The default time limit for updates is configurable. Consider setting a longer duration if your workload requires extended time to pull the image due to its size, if the workload takes additional time to reach a 'READY' state due to a long initialization process, or if your cluster depends on autoscaling to allocate resources for new replicas. For example, to set the time limit to 30 minutes, you can run the following command:
```
kubectl patch ConfigMap config-deployment -n knative-serving --type='merge' -p '{"data": {"progress-deadline": "1800s"}}'
```

Inference workloads with Knative new behavior in v2.19¶

Starting in version 2.19, all pods of a single Knative revision are grouped under a single Pod-Group.
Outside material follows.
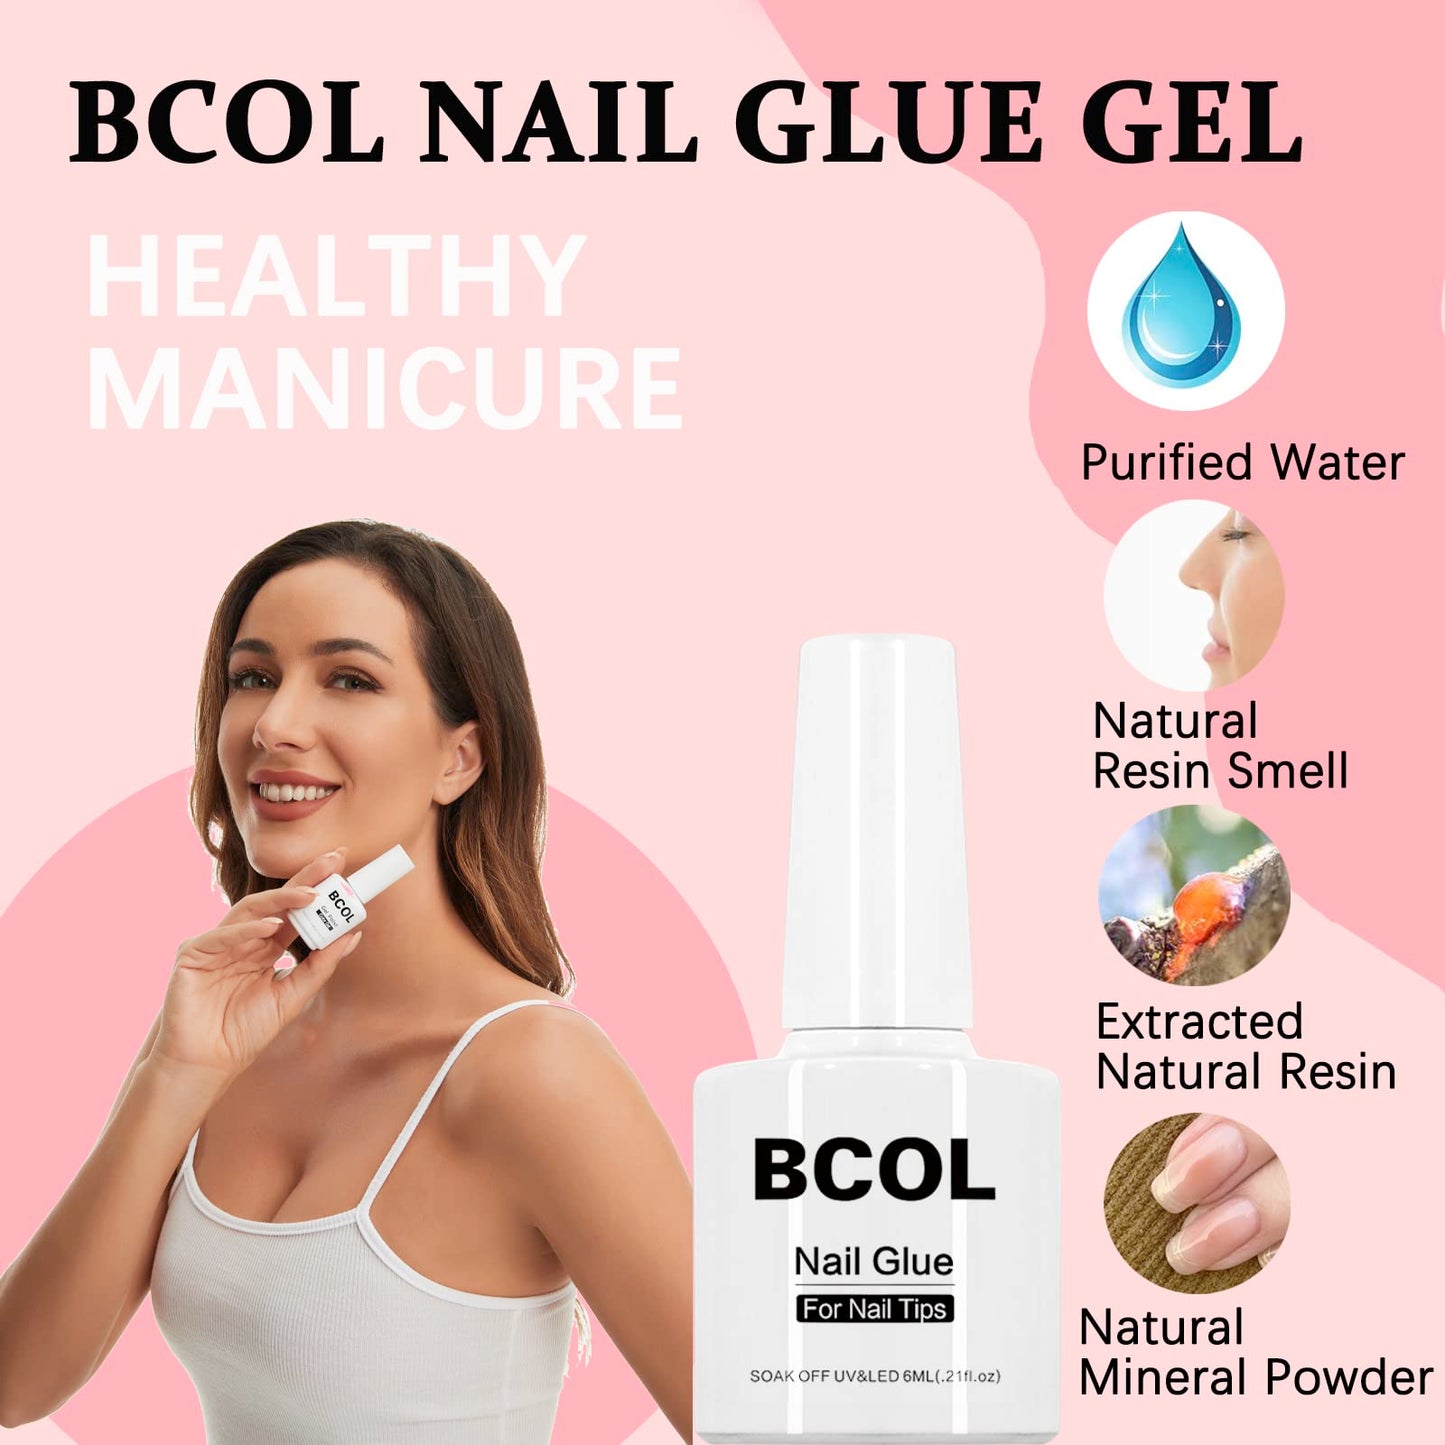 BCOL Nail Tips and Glue Gel Nail Kit, 2 In 1 Nail Gel and Base Gel with 500Pcs Coffin Nails and Innovative UV LED Nail Lamp for Gel Art Liner Polish Extension Different Nail Art Nails DIY Home Gifts

This means that when a new Knative revision is created:

It either succeeds in allocating the minimum number of pods; or
It fails and moves into a pending state, to retry again later to allocate all pods with their resources.

The resources (GPUs, CPUs) are not occupied by a new Knative revision until it succeeds in allocating all pods. The older revision pods are then terminated and release their resources (GPUs, CPUs) back to the cluster to be used by other workloads.